I had something similar happen with my Beretta 92FS, a pistol which had functioned perfectly for years. In my case, the trigger would drop the hammer, but there was no ignition. I tried several hammer strikes with no effect, then attempted to eject the cartridge and the slide was locked up. It took a pretty good smack to release it. The round looked OK and was withing SAMMI specs for dimensions. The pistol had appeared to be in battery but there were no strikes visible on the primer, so I can only assume that the round jammed in the cylinder such that the pistol was very slightly out of battery. I was shooting Winchester 124gr NATO. Have had no issues with the pistol since.


----------



## DJ Niner (Oct 3, 2006)

mueller said:


> Got a little range behind my house and took two mags out to shoot.
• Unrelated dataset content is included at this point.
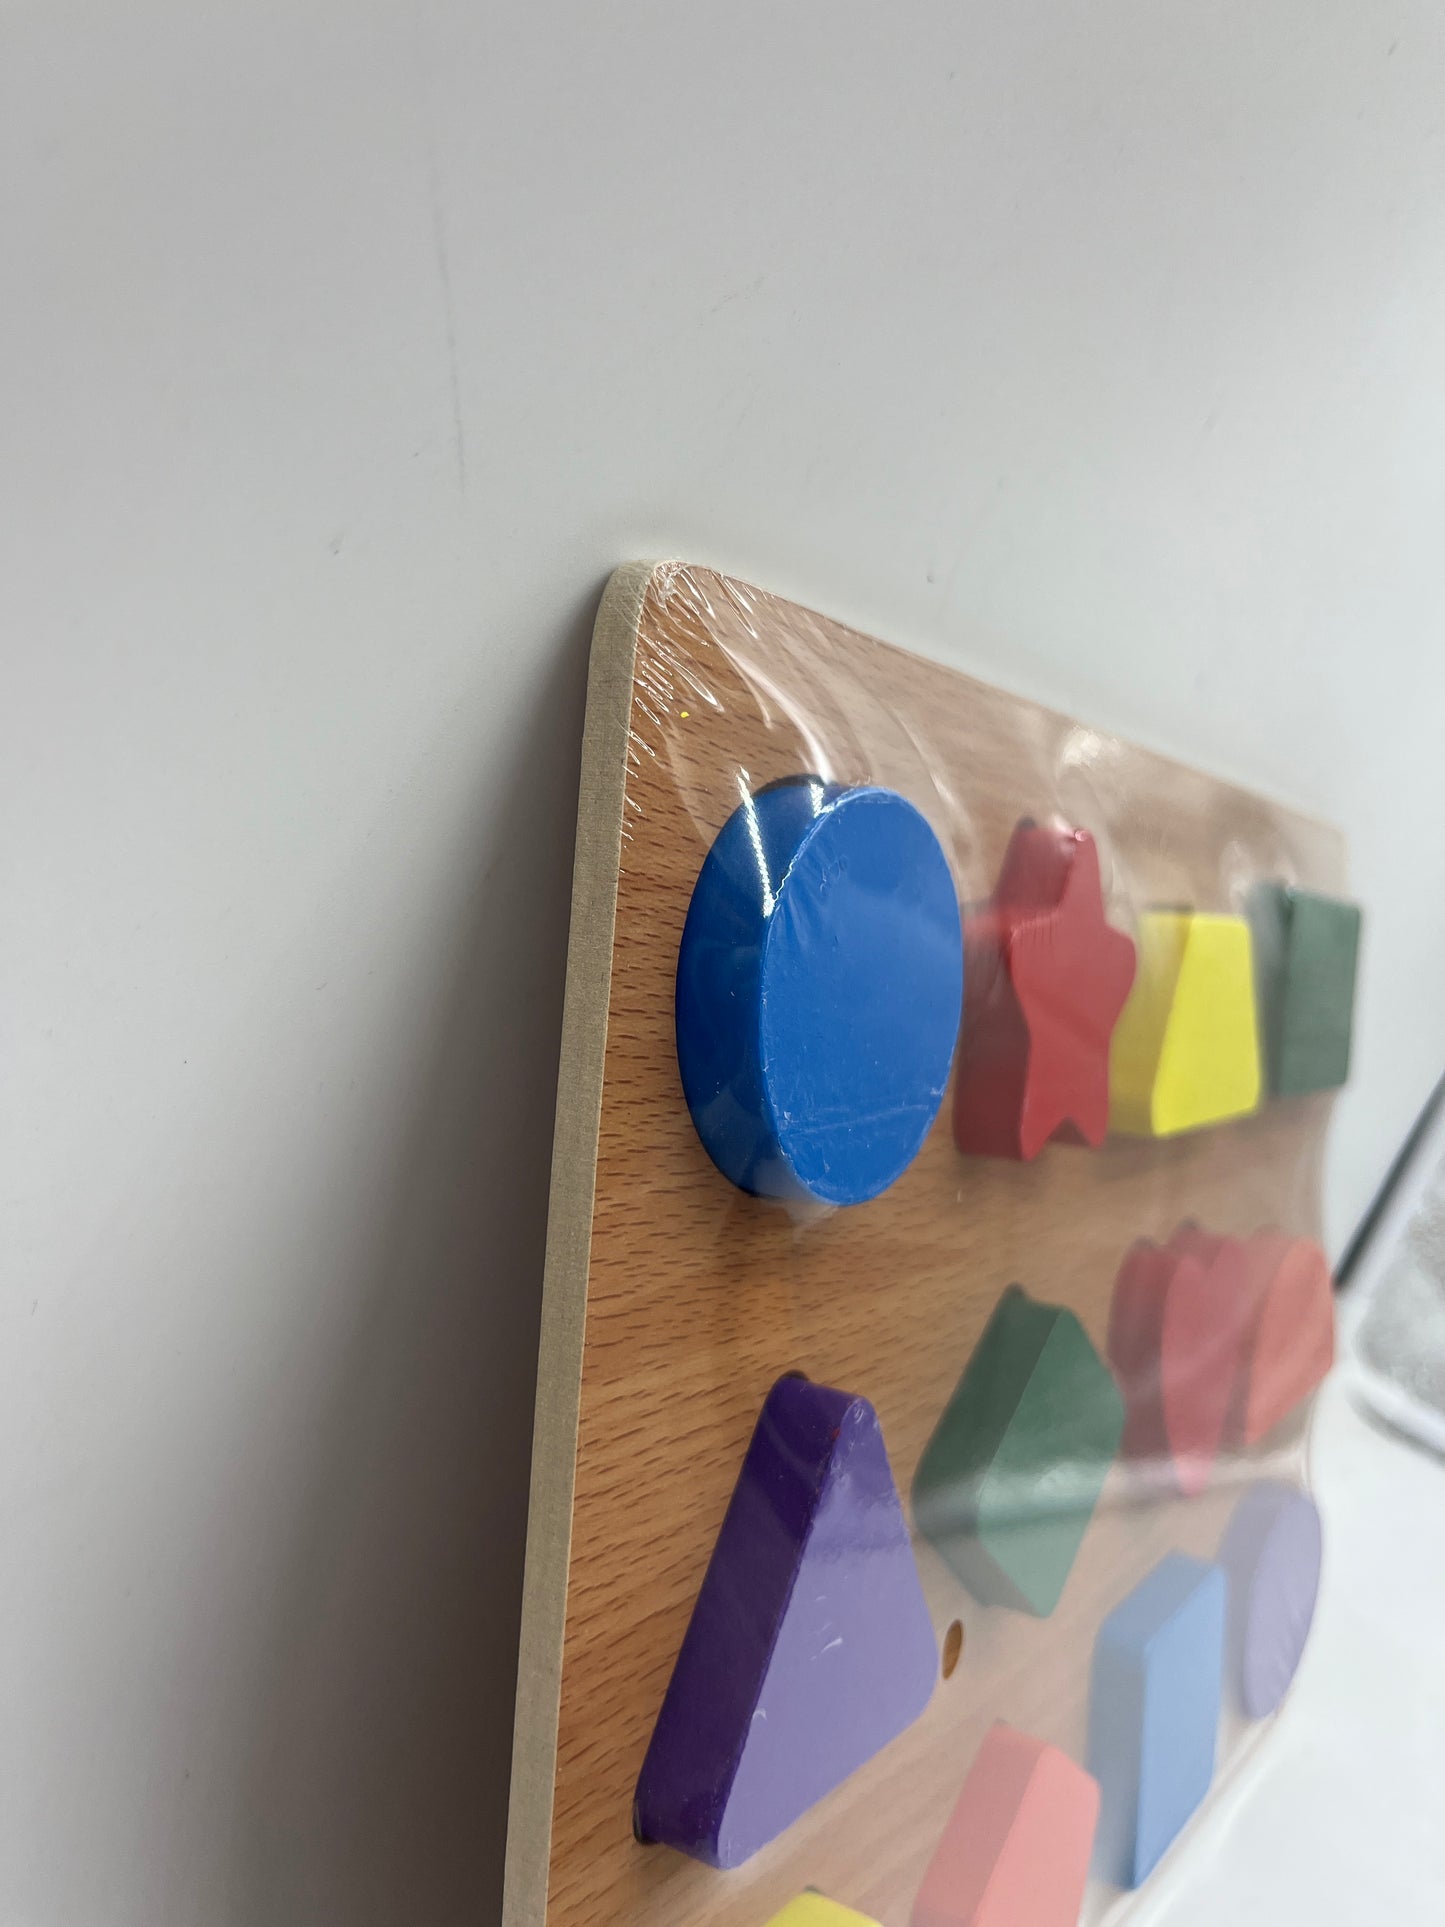 Jouet jeu activités apprentissage 
Puzzle en bois Type Montessori J’apprends les formes et les couleurs avec ces pièces en relief Neuf

Shot about 11 shots and then the gun locked up, the trigger was free could not rack the slide. Finally I gave the rear of slide a rap with the palm of my hand and it fired no probs. Ran another mag through the gun and no probs. Was using Winchester target ammo from WallyWorld. Anyone have this happen or an explanation.


Most of the probable causes of this type of one-off stoppage are ammo-related. High primer, bullet seated out too far, case too long, dented case, damaged rim, rim too thin (causes the high primer during seating), case neck folded or bulged during bullet seating; any of these can cause a failure to fire due to the slide being slightly out-of-battery (not quite fully locked). Some would leave evidence on the fired case (folded case neck, or a too-long case, for instance); others would not (dented case, high bullet or primer, these would all be "corrected" by firing and leave no evidence).

It's a bigger pain in the butt, but if you really want to track down the cause, then you should stop, and do whatever is necessary to safely extract the loaded round from the chamber WITHOUT firing it, then inspect it closely (using calipers and/or the barrel from your disassembled pistol as a chamber gauge).

As ammo makers are pressed to hold down costs, it seems like "bad" factory ammo is getting much more common. It used to be that a heavy shooter would go years, if not decades between seeing a "bad" round of factory ammo; now I see "bad" rounds a couple times a year, either in my guns or someone else's at the range.


----------



## TAPnRACK (Jan 30, 2013)

^ This... I had a student experience 2 of these this week. Pain in the butt to fix, couldn't be bumped into battery... had to rip the slide back to eject the rounds. Takes quite a bit of strength to get the slide back. Both rounds had bulging at the top of the casing (neck).

Great explanation DJ.


----------



## DJ Niner (Oct 3, 2006)

4-5 years ago, I put up a discussion thread about faulty factory ammo, with some photos of same. The above discussion reminded me of the old thread, and here is a link to it if you want to see some photographic examples of "bad" factory ammo:

Link>>> http://www.handgunforum.net/home-de...factory-ammunition-check-your-ammo-folks.html

Take a moment to roll each round of ammunition in your hand and carefully/thoughtfully look at it before loading it into a magazine, cylinder, or chamber. There are some defects you can't catch no matter HOW hard you study each round, but many defects are easy to see, if you just make it a habit to look for ammo problems during loading or mag-filling.


----------